▸ Information shown:
━━━━━━

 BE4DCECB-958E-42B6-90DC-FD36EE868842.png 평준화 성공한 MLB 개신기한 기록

━━━━━━

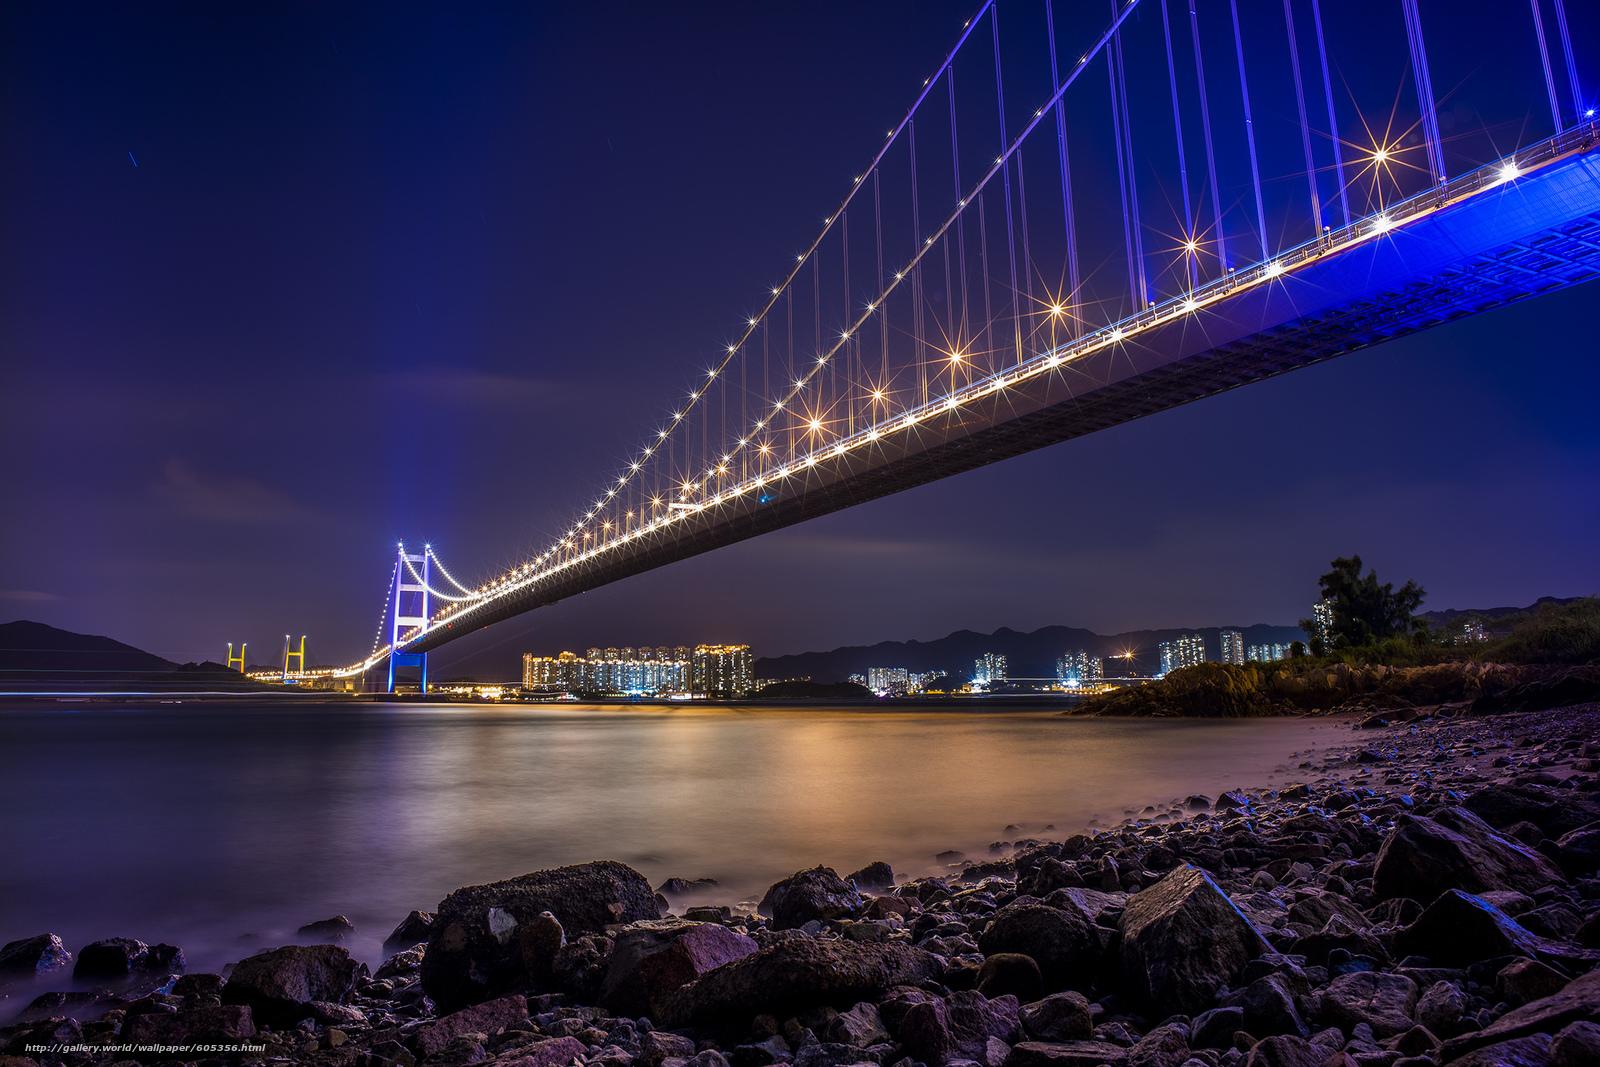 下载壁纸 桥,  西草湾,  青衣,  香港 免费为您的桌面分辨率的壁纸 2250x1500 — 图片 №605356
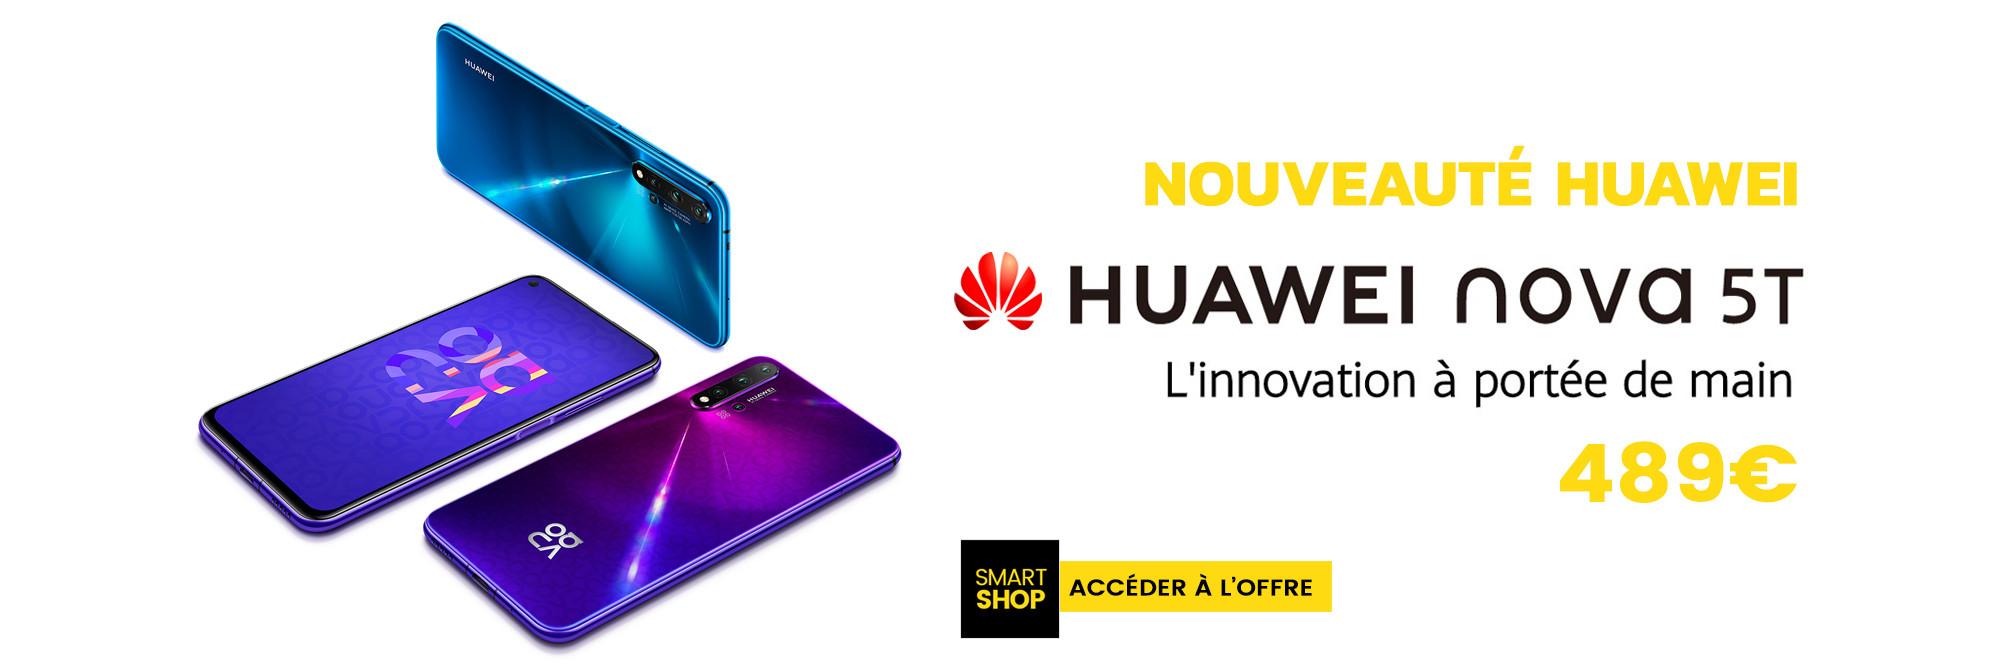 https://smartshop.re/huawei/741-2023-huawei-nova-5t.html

━━━━━━

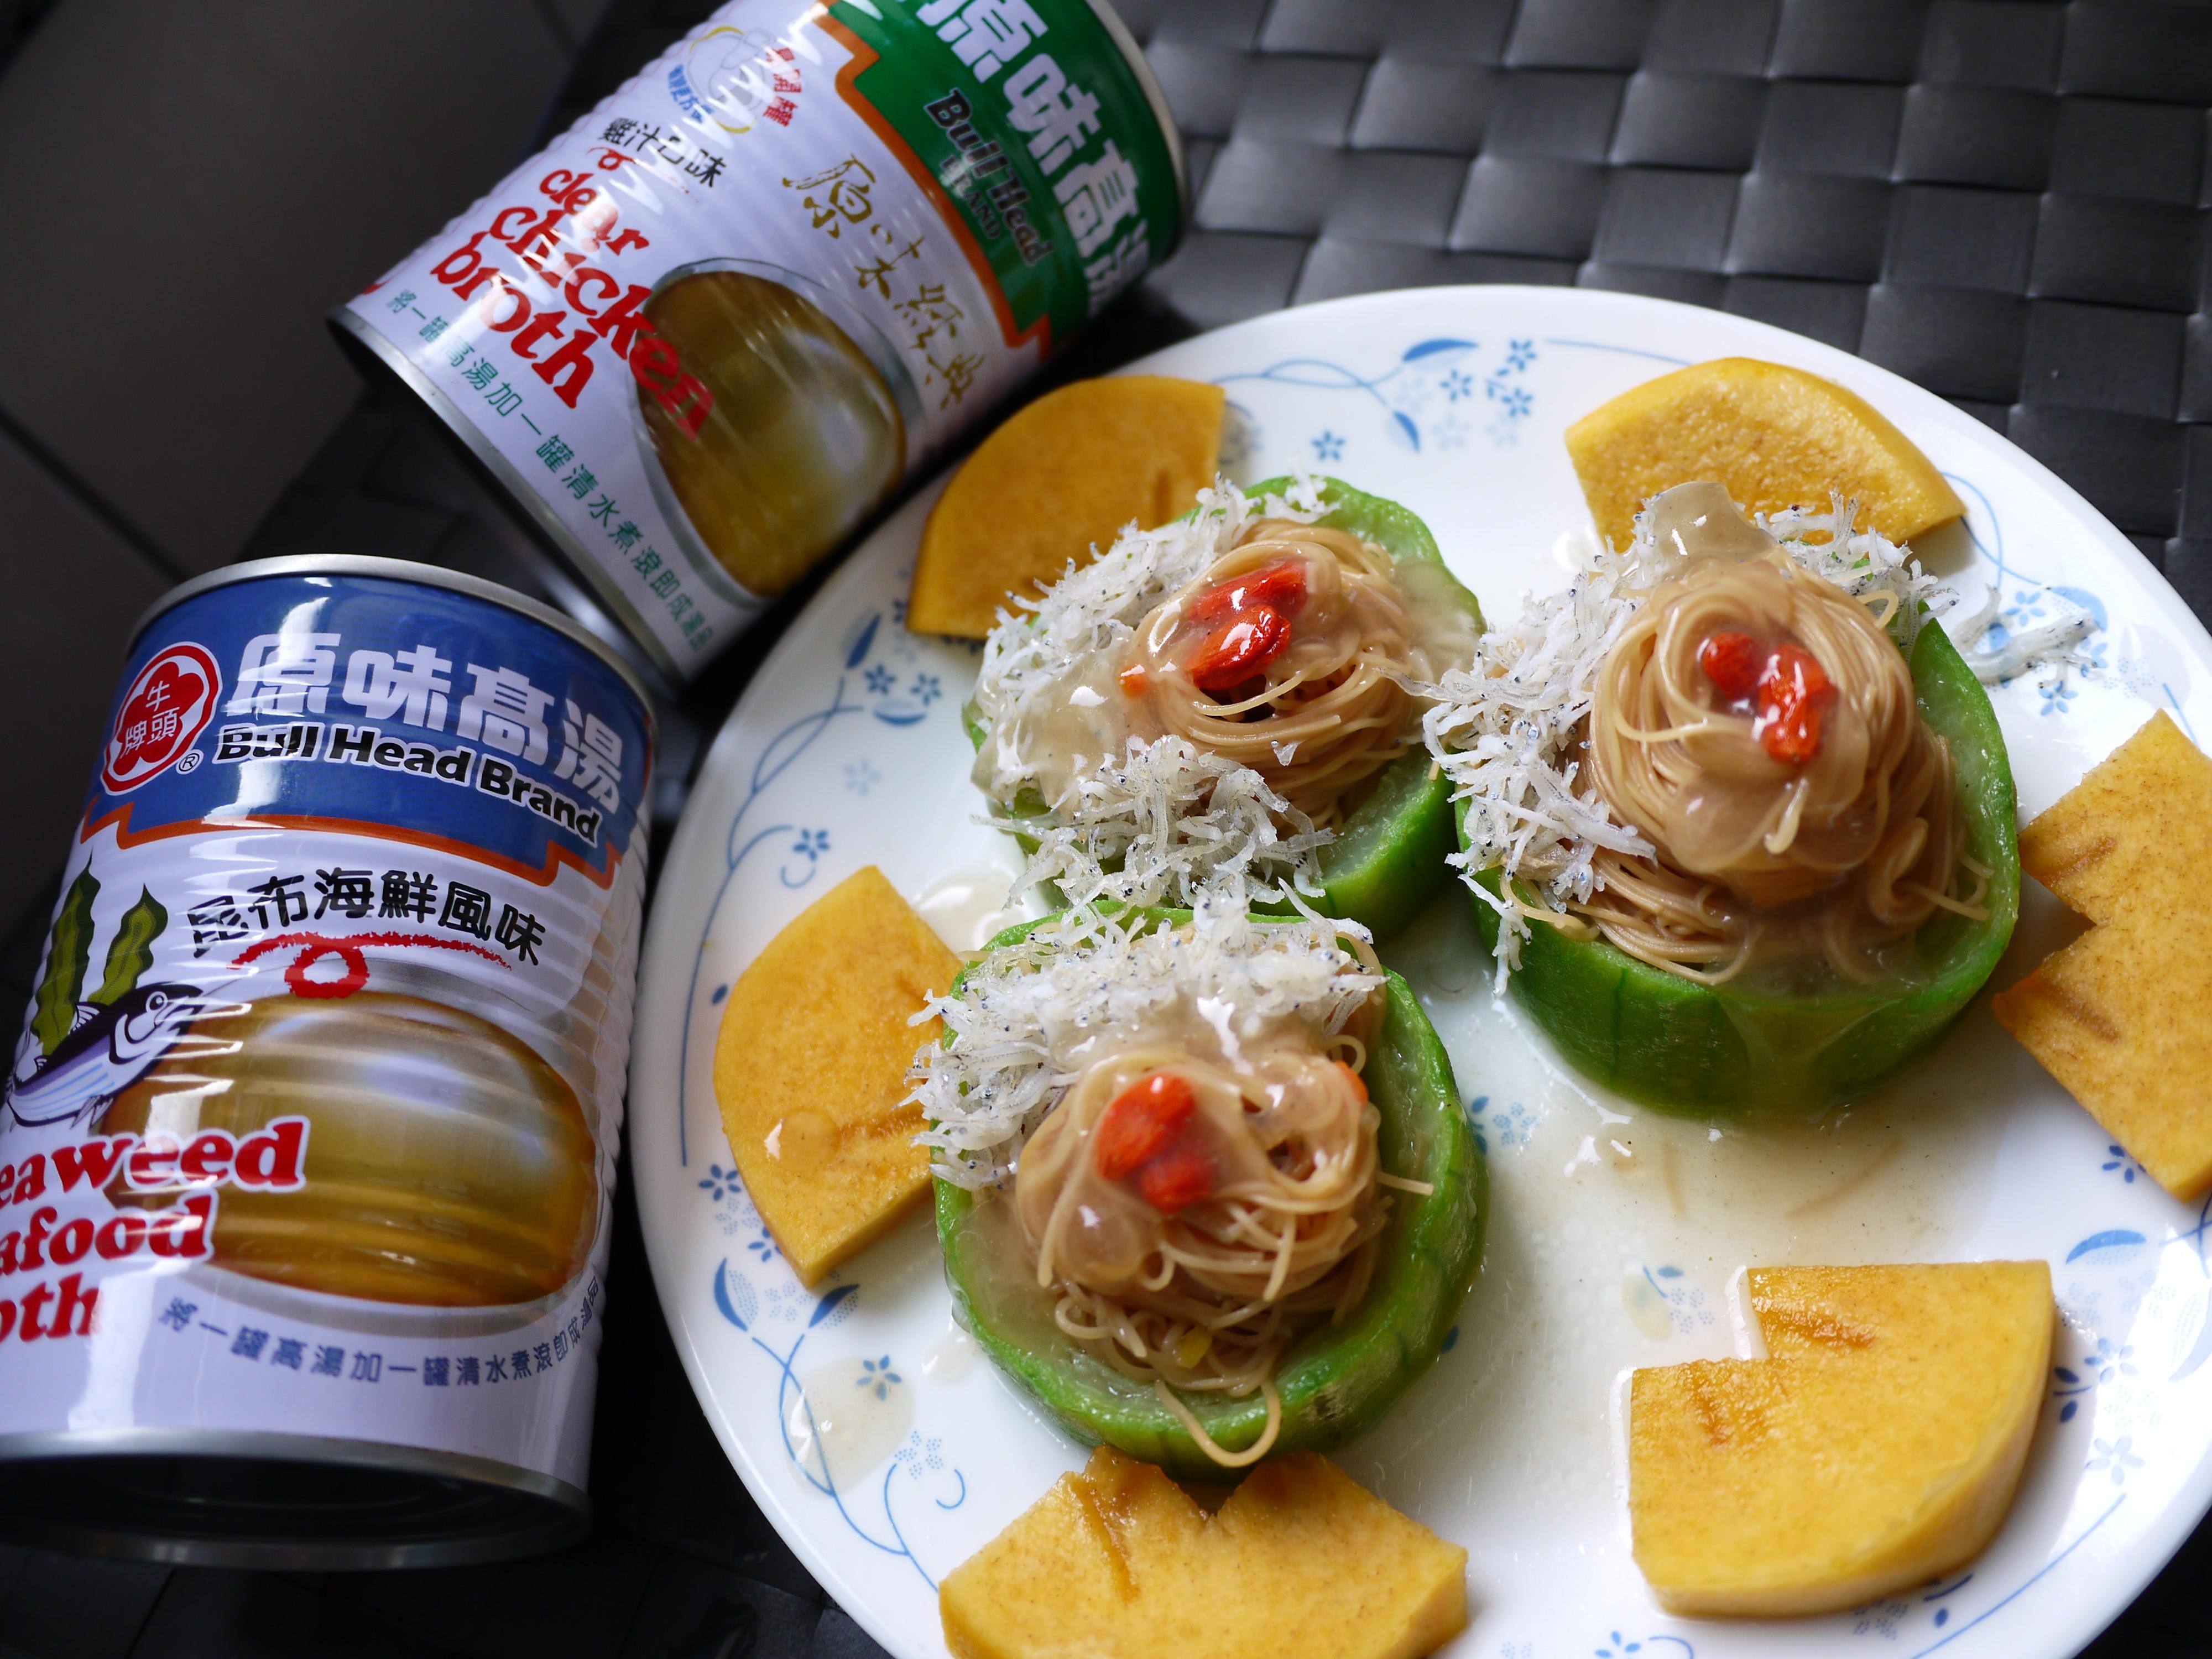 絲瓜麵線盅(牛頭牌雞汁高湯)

━━━━━━

▸ Task statement:
Each line above starting at the one holding "2250x1500 — 图片 №605356" and ending at the one holding "https://smartshop.re/huawei/741-2023-huawei-nova-5t.html" should be set down exactly as it stands, both ends included, with no pictures.

▸ Answer below:
 下载壁纸 桥,  西草湾,  青衣,  香港 免费为您的桌面分辨率的壁纸 2250x1500 — 图片 №605356
 https://smartshop.re/huawei/741-2023-huawei-nova-5t.html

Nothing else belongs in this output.